Creating and Using your own custom Boot Key
Obviously android doesn’t use any standard tool form for its keys, so you have to create your own RSA 2048 (the literature implies it will work with 4096 as well but I haven’t tried it) AVB custom key using say openssl, then use avbtool
(found in external/avb
as a python script) to convert your RSA public key to a form that can be flashed in the phone:
avbtool extract_public_key --key pubkey.pem --output pkmd.bin
This can then be flashed to the unlocked phone (in the bootloader fastboot) with
fastboot flash avb_custom_key pkmd.bin
And you’re all set up to boot a custom signed OS.
Signing your LineageOS
There is a wrinkle to this: to re-sign the OS, you need the target-files.zip intermediate build, not the ROM install file. Unfortunately, this is pretty big (38GB for lineage-19.1) and doesn’t seem to be available for download any more. If you can find it, you can re-sign the stock LineageOS, but if not you have to build it yourself. Instructions for both building and re-signing can be found here. You need to follow this but in addition you must add two extra flags to the sign_target_files_apks
command:
--avb_vbmeta_key=/path/to/private/avb.key
--avb_vbmeta_algorithm=SHA256_RSA2048
Which will ensure the vbmeta partition is signed with the key you created above.
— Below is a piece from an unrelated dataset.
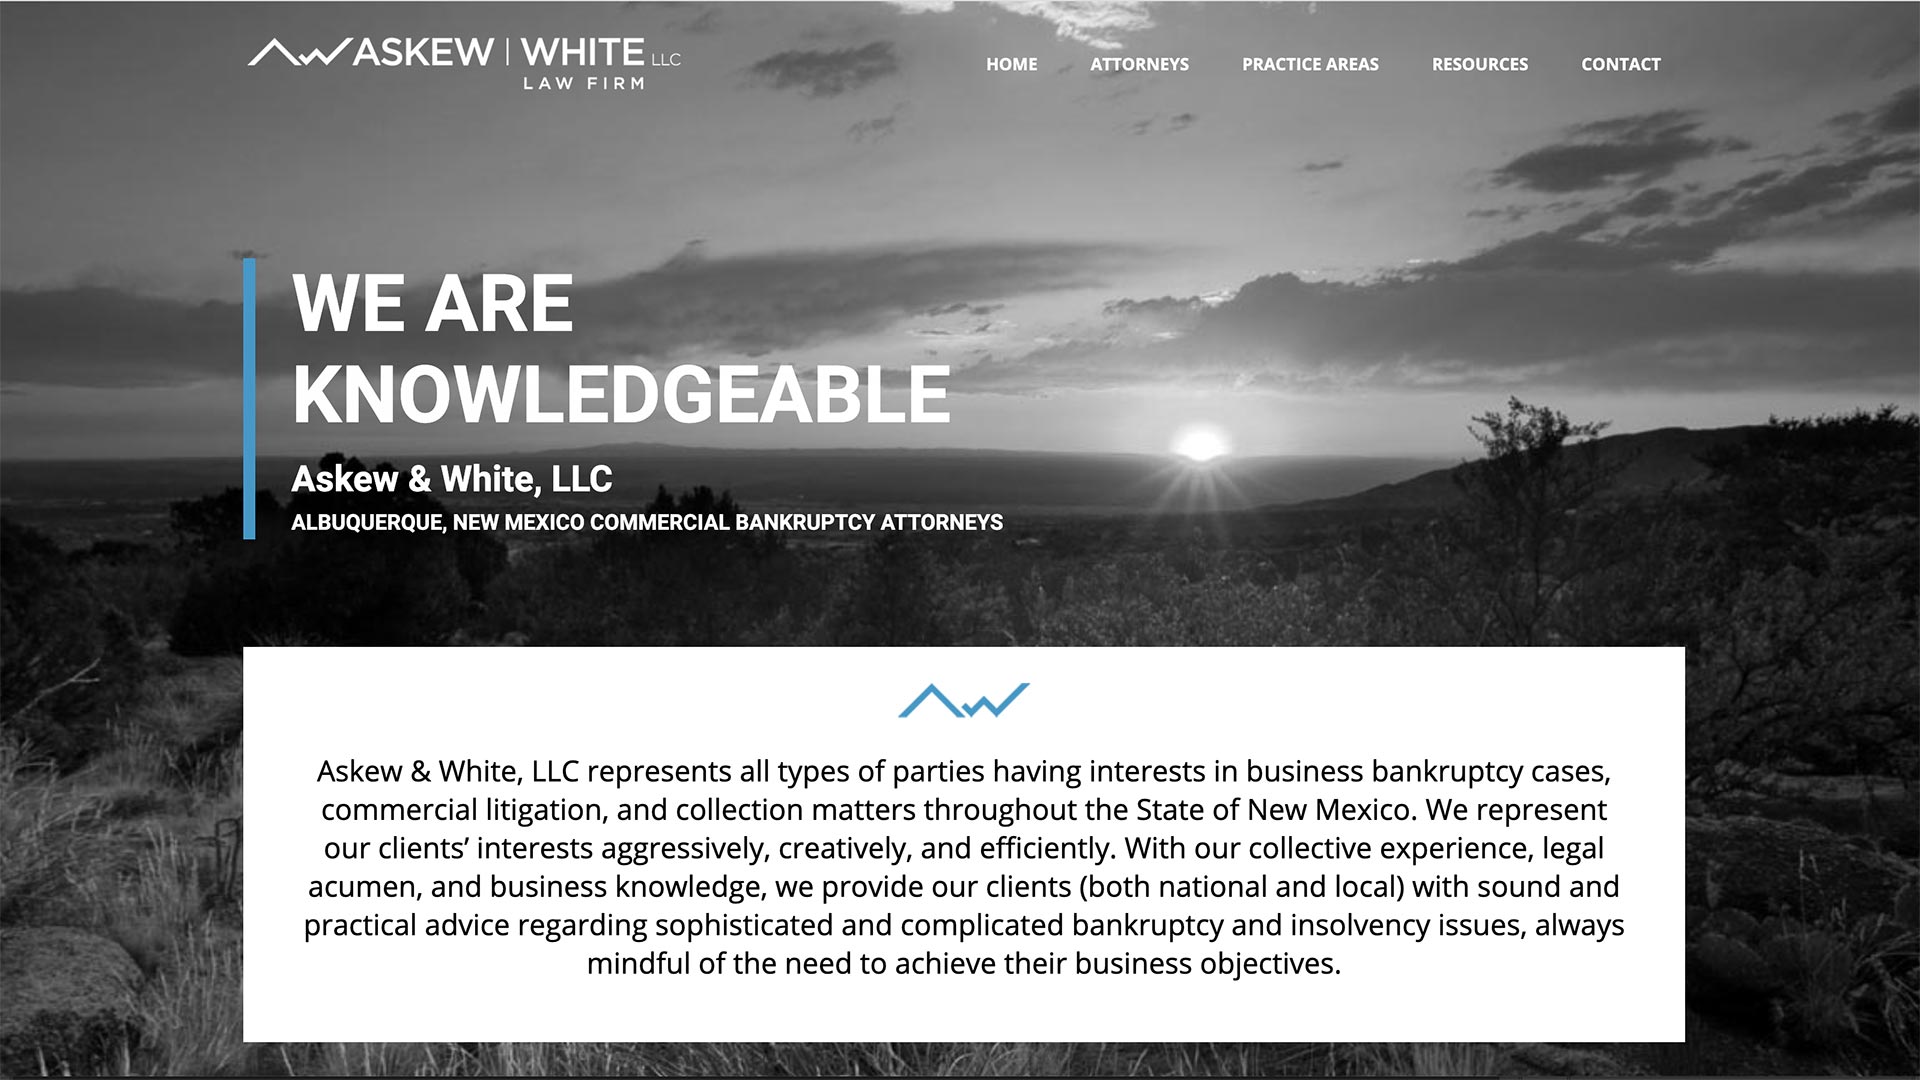 New Mexico Law Firm Website Design: Askew & White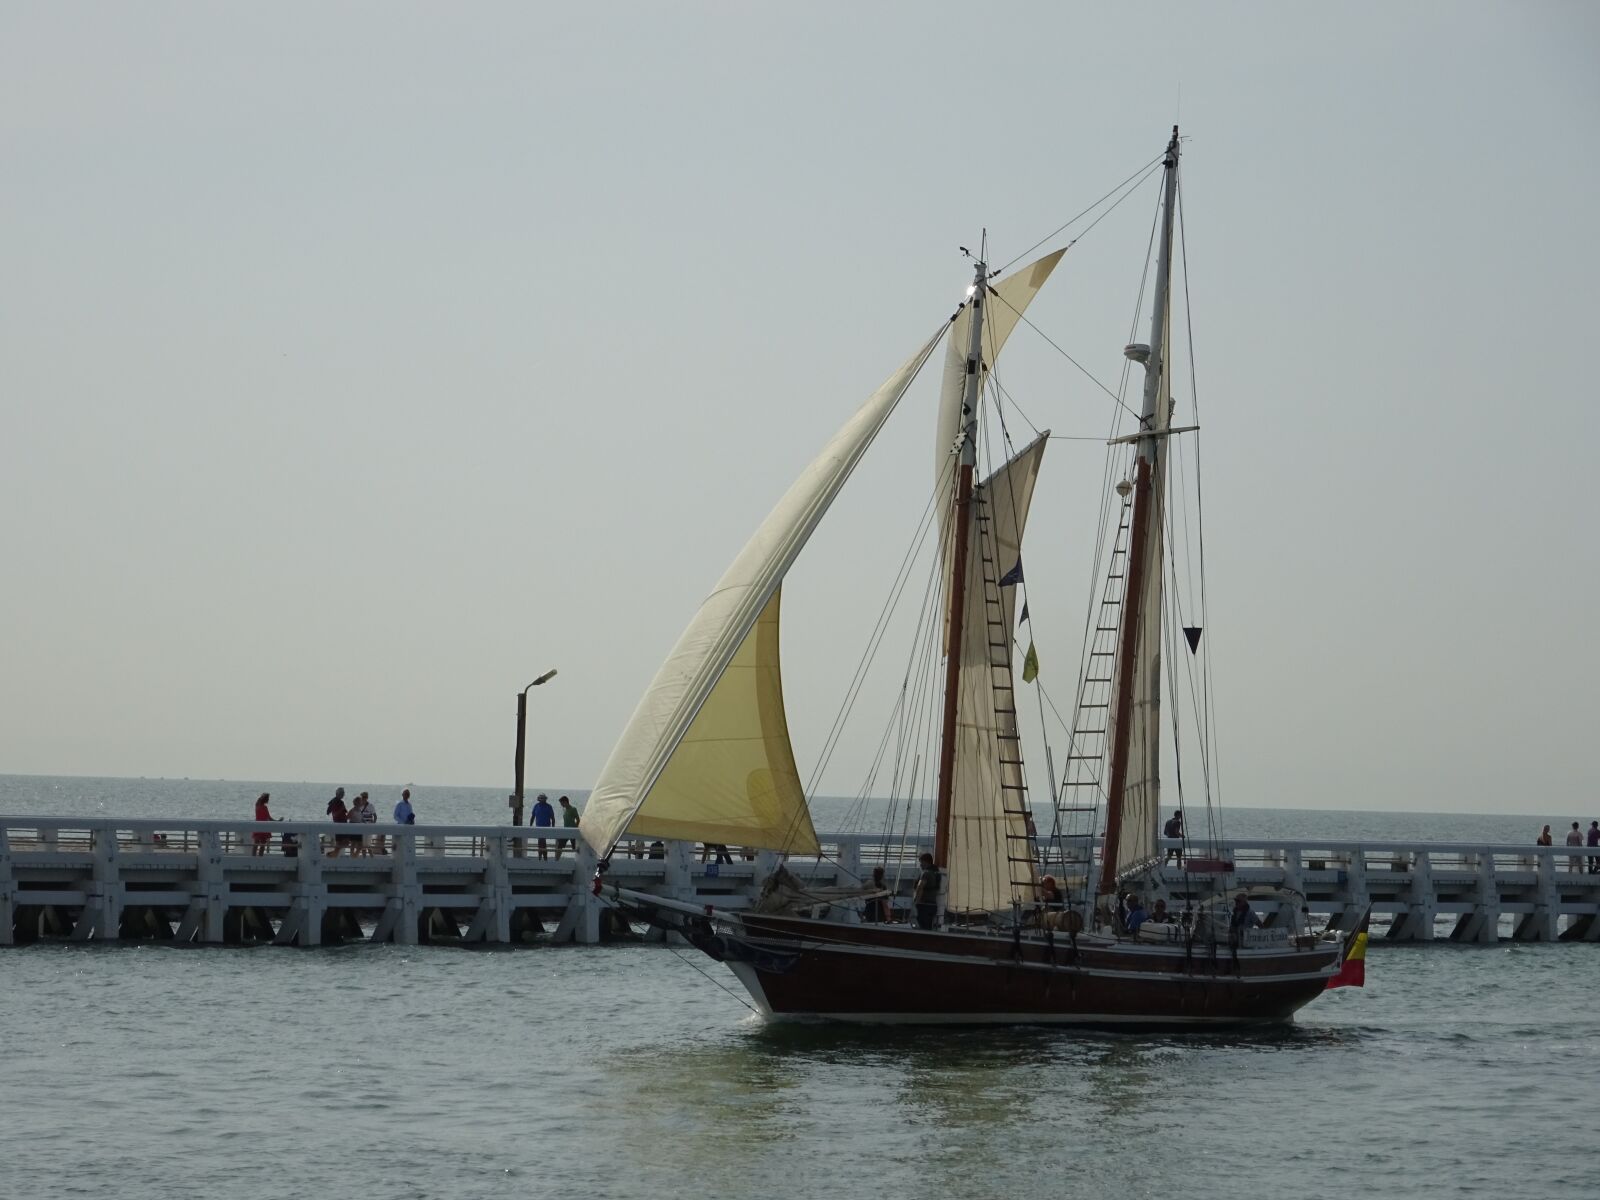 Sony Cyber-shot DSC-WX350 sample photo. Ship, sailing vessel, water photography

Optionally Enabling dm-verity
If you want to enable dm-verity, you have to change the vbmeta flags to 0 (enable both hashtree and vbmeta verification) before you execute the signing command above. These flags are stored in the META/misc_info.txt file which you can extract from target-files.zip with
unzip target-files.zip META/misc_info.txt
And once done you can vi this file to find the line
avb_vbmeta_args=--flags 3 --padding_size 4096 --rollback_index 1804212800
If you update the 3 to 0 this will unset the two disable flags and allow you to do a dm-verity verified boot. Then use zip to replace this updated file
zip -u target-files.zip META/misc_info.txt
And then proceed with signing the updated target-files.zip
Wrinkle for Android-12 (lineage-19.1) and above
For all these versions, this patch ensures that if the vbmeta was signed then the vbmeta hash must be verified, otherwise the system will crash in early init, so you have no choice and must alter the avb_vbmeta_args
above to either --flags 1
or --flags 0
so the vbmeta hash is passed in to init. Since you have to alter the flags anyway, you might as well enable dm-verity (set to 0) at the same time.
Re-Lock the Bootloader
Once you have installed both your custom keys and your custom signed boot image, you are ready to re-lock the bootloader. Beware that some phones will erase your data partition when you do this (the Google advice says they shouldn’t, but not all manufacturers bother to follow it), so make sure you have a backup (or are playing with a newly rooted phone).
fastboot flashing lock
Check with a reboot (the phone should now display a yellow warning triangle saying it is booting a custom OS rather than the orange unsigned OS one). If everything goes according to plan you can enter the developer settings and click the “OEM Unlocking” settings to disabled and your phone can no longer be unlocked without your say so.
Conclusions and Caveats
Following the above instructions, you can updated your phone so it will verify images you signed with your AVB key, turn on dm-verity if you wish and generally make your phone much more secure. However, remember that you haven’t erased the original AVB key, so the phone can still be updated to an image signed with that key and, worse, the recovery partition of LineageOS is modified to allow rollback, so it will allow the flashing of any signed image without triggering an erase of the data partition. There are also a few more problems like, thanks to a bug in AOSP, the recovery version of fastboot will actually allow commands that are usually forbidden if the phone is locked.